# Why is Canon rumors promoting scam site like ryther camera?



## cpsico (Mar 24, 2012)

Ryther is one of the most complained about scam sites, please feel free to take the bad link down before some one gets scammed. I post here not to long ago about all the problems a friend had with them. I really hope this was an over site by canon rumors. Soooo dissapointed :*( No one will get a USA camera at that price i suspect!


----------



## cpsico (Mar 24, 2012)

Can anyone here give me a good example of there experience with Ryther, I just want to be fair!!
http://www.yelp.com/biz/ryther-camera-linden
http://www.resellerratings.com/store/Ryther_Camera/sort/likes
http://www.bbb.org/new-jersey/business-reviews/photographic-equipment-and-supplies-retail/ryther-camera-in-linden-nj-90088466/complaints


----------



## Seamus (Mar 24, 2012)

I don't think that CR chooses the companies that appear in those ad blocks. They are content related by site through Adchoices, which is from google's Adsense program. I wouldn't hold CR responsible.


----------



## cpsico (Mar 24, 2012)

Seamus said:


> I don't think that CR chooses the companies that appear in those ad blocks.
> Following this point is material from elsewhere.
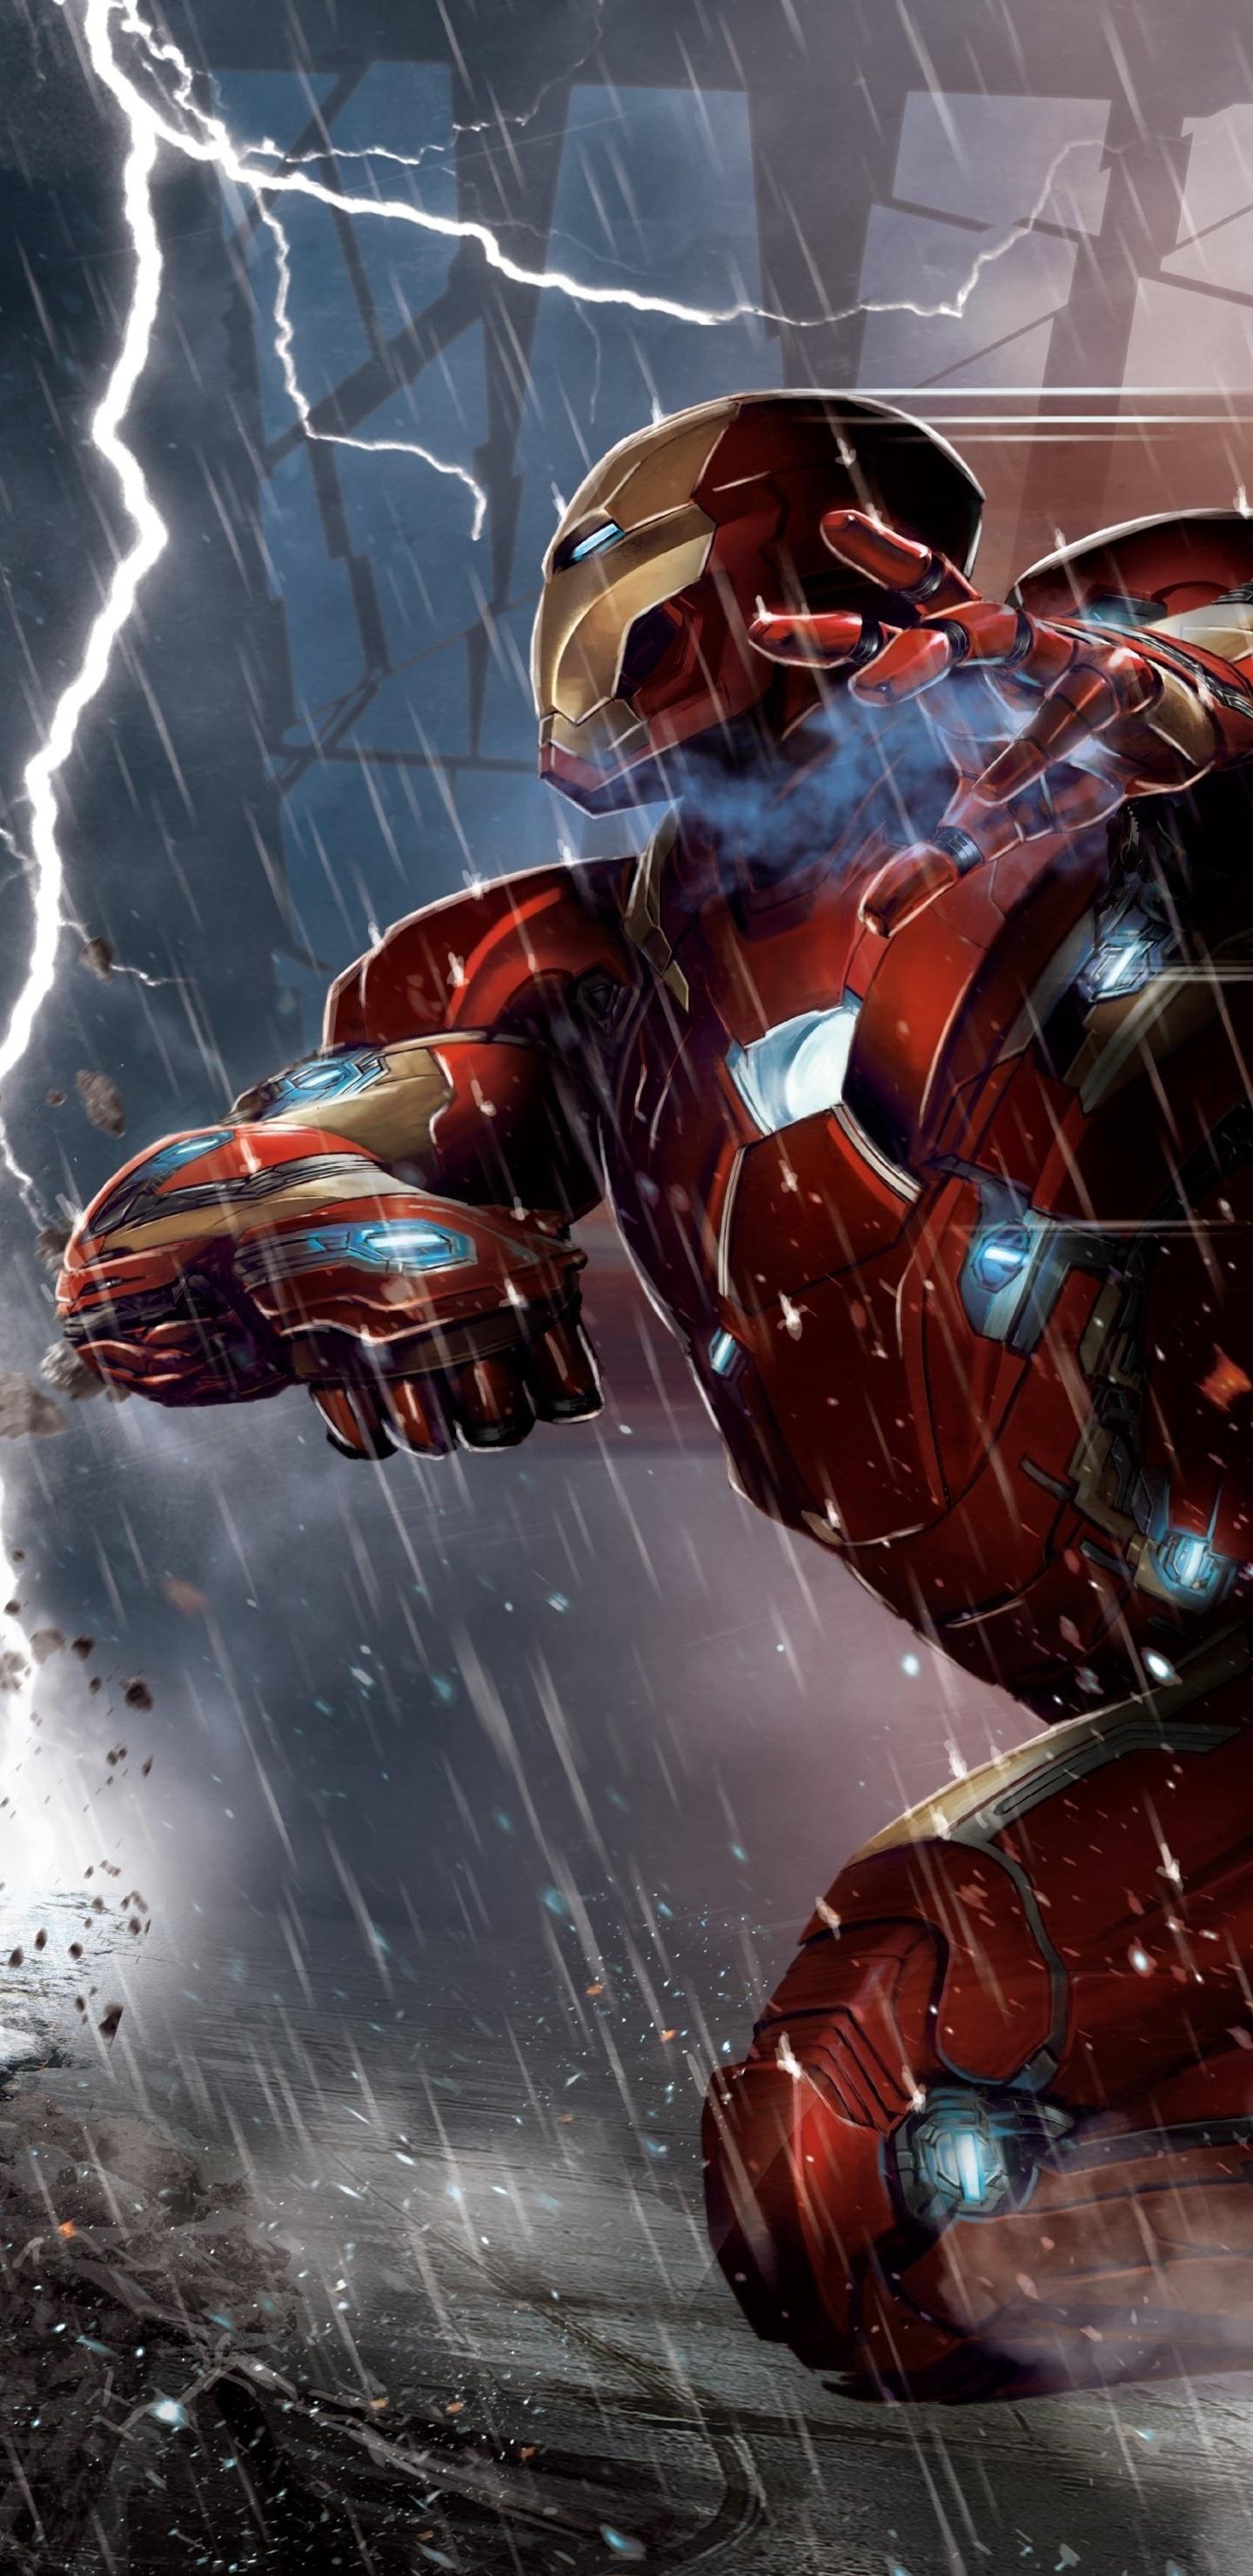 1440x2960 Captain America Vs Iron Man Comic 5k Samsung Galaxy Note 9

They are content related by site through Adchoices, which is from google's Adsense program. I wouldn't hold CR responsible.


I can see a third party doing that, I dont hold CR responsible, i just want people to know that there is a real problem with this company and too good to be true deals!!


----------



## Mt Spokane Photography (Mar 24, 2012)

Where have you seen CR promoting them. Are you talking about the ads that Google places? CR has little or no control over them, however users do have a input. There is a button in the lower right corner of the Google ads that you can click to tell Google factual experiences you have had. 
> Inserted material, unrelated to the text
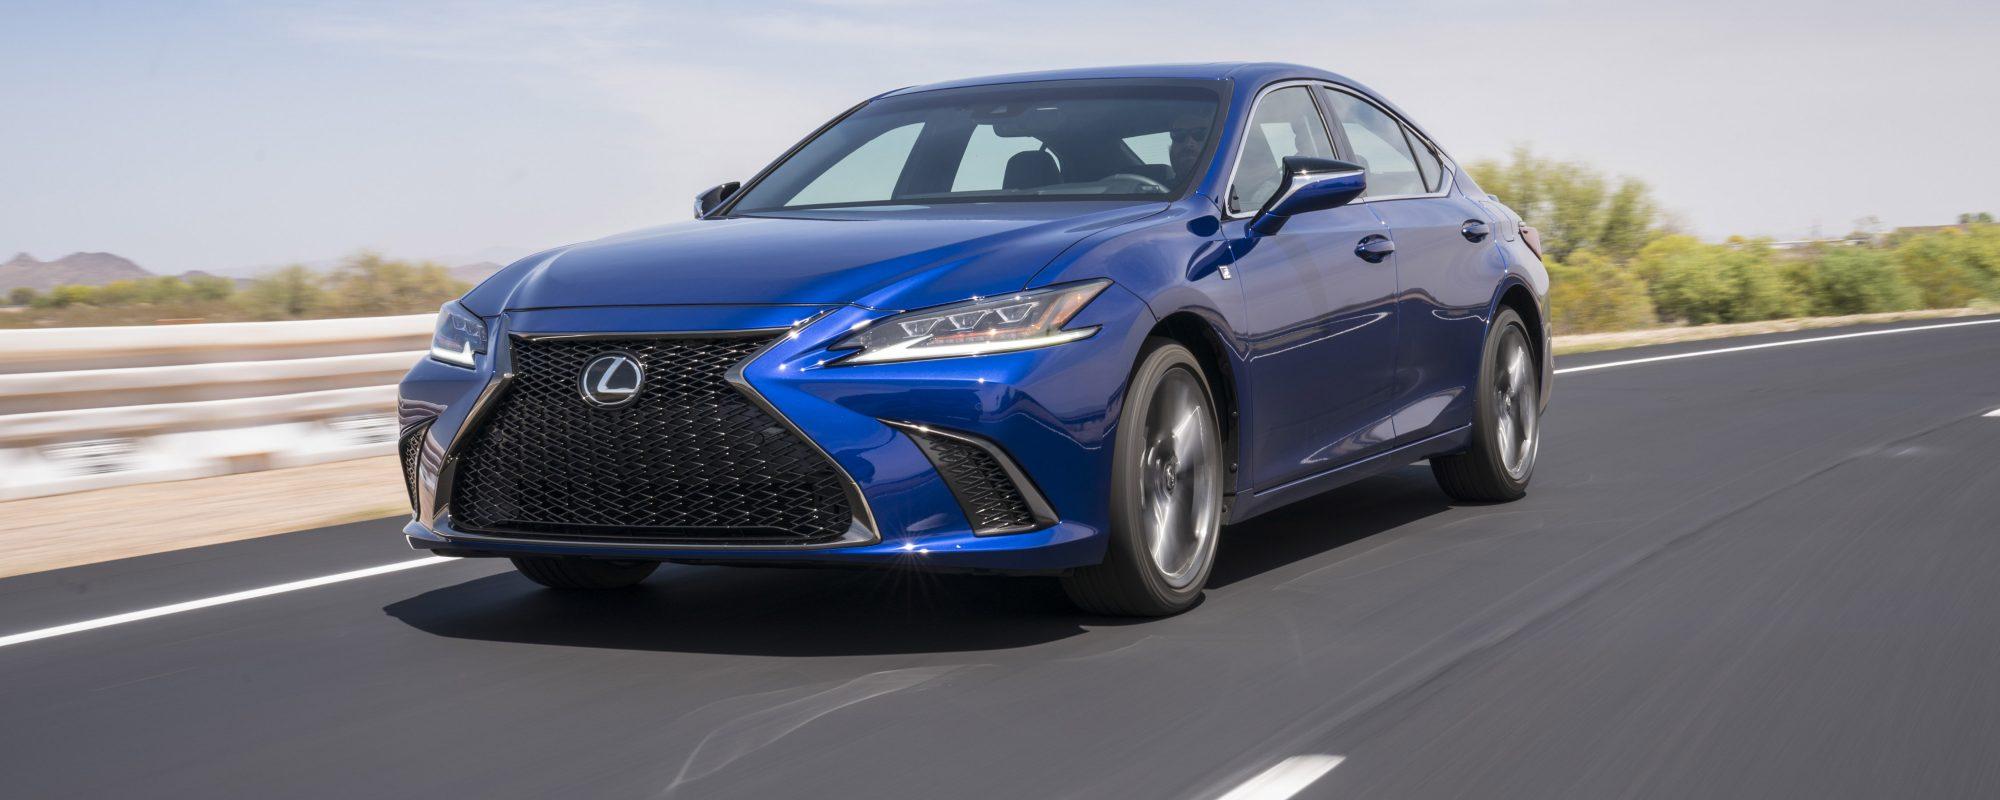 Optimale prestaties en verfijning op hoogste niveau in nieuwe Lexus ES

That is by far the best way to let Google know.


----------



## yuxinhong (Mar 24, 2012)

Here is the reviews for them, 
http://www.resellerratings.com/store/Ryther_Camera

and i had ordered my 60D with them like year ago,
they want to sell you more things, what you charge you for the shipping, hold you stuff and don't ship out as promised, and if you want to cancel, they will charge you cancellation fee!!!

the only thing they have is good sales that can talk a lot, if you post a bad review, they will call you and call you to make you change that, and offer you some cheap but free stuff as bribe.

it just don't worth all those energy, time, and waiting to save so little on a camera, since that experience, i will always order from like amazon, adorama and b&H.


----------



## bycostello (Mar 25, 2012)

long since learnt that if it is too good to be true, it usually is!


----------



## Canon Rumors Guy (Mar 25, 2012)

I can block sites, which I've now done with Ryther. I do NOT control what Google puts through the adsense network. The scam sites change URL's too, so it's an ongoing battle.

Thanks
CR


----------